Concerning the applicability of section 768.28 to sheriffs, we find that a sheriff is a "county official," and, as such, is an integral part of the "county" as a "political subdivision" and that section 768.28 is applicable to sheriffs as a separate entity or agency of a political subdivision. In our opinion, a sheriff and his deputies were intended by the legislature to be covered under the provisions of section 768.28. The First District Court of Appeal assumed a sheriff to be such in Department of Health and Rehabilitative Services v. McDougall, 359 So.2d 528 (Fla. 1st DCA), cert. denied, 365 So.2d 711 (Fla. 1978). The provisions of the Florida Constitution appear to clearly mandate this answer.

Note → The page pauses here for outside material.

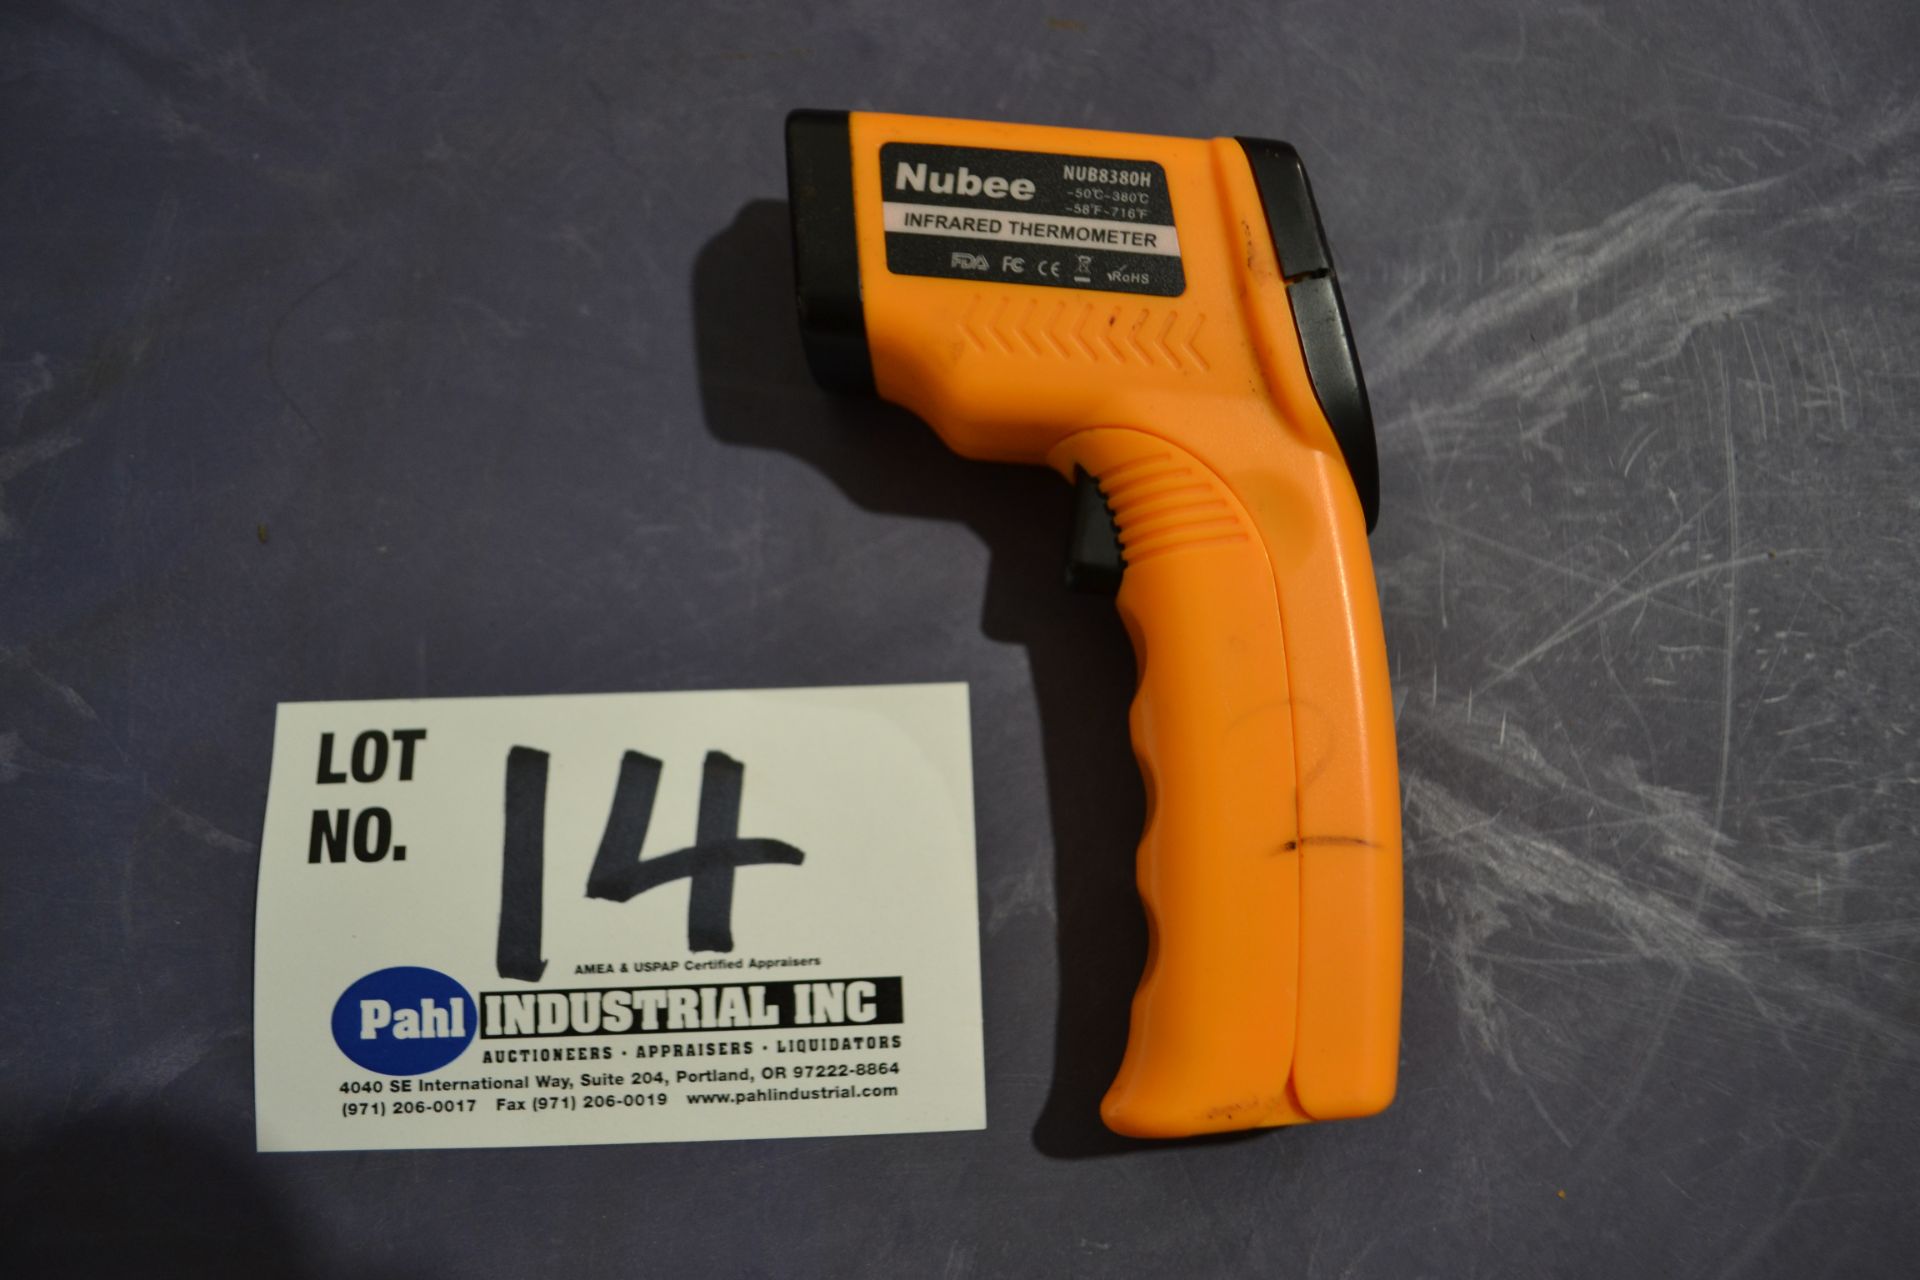 Nubee NUB8380H Infrared Thermometer - Image 2 of 2

Article VIII, Florida Constitution, entitled Local Government, provides for counties in section 1. That section provides in part as follows:

SECTION 1. Counties. —
(a) POLITICAL SUBDIVISIONS.
The state shall be divided by law into political subdivisions called counties. Counties may be created, abolished or changed by law, with provision for payment or apportionment of the public debt.
... .
(d) COUNTY OFFICERS. There shall be elected by the electors of each county, for terms of four years, a sheriff, a tax collector, a property appraiser, a supervisor of elections, and a clerk of the circuit court; except, when provided by county charter or special law approved by vote of the electors of the county, any county officer may be chosen in another manner therein specified, or any county office may be abolished when all the duties of the office prescribed by general law are transferred to another office.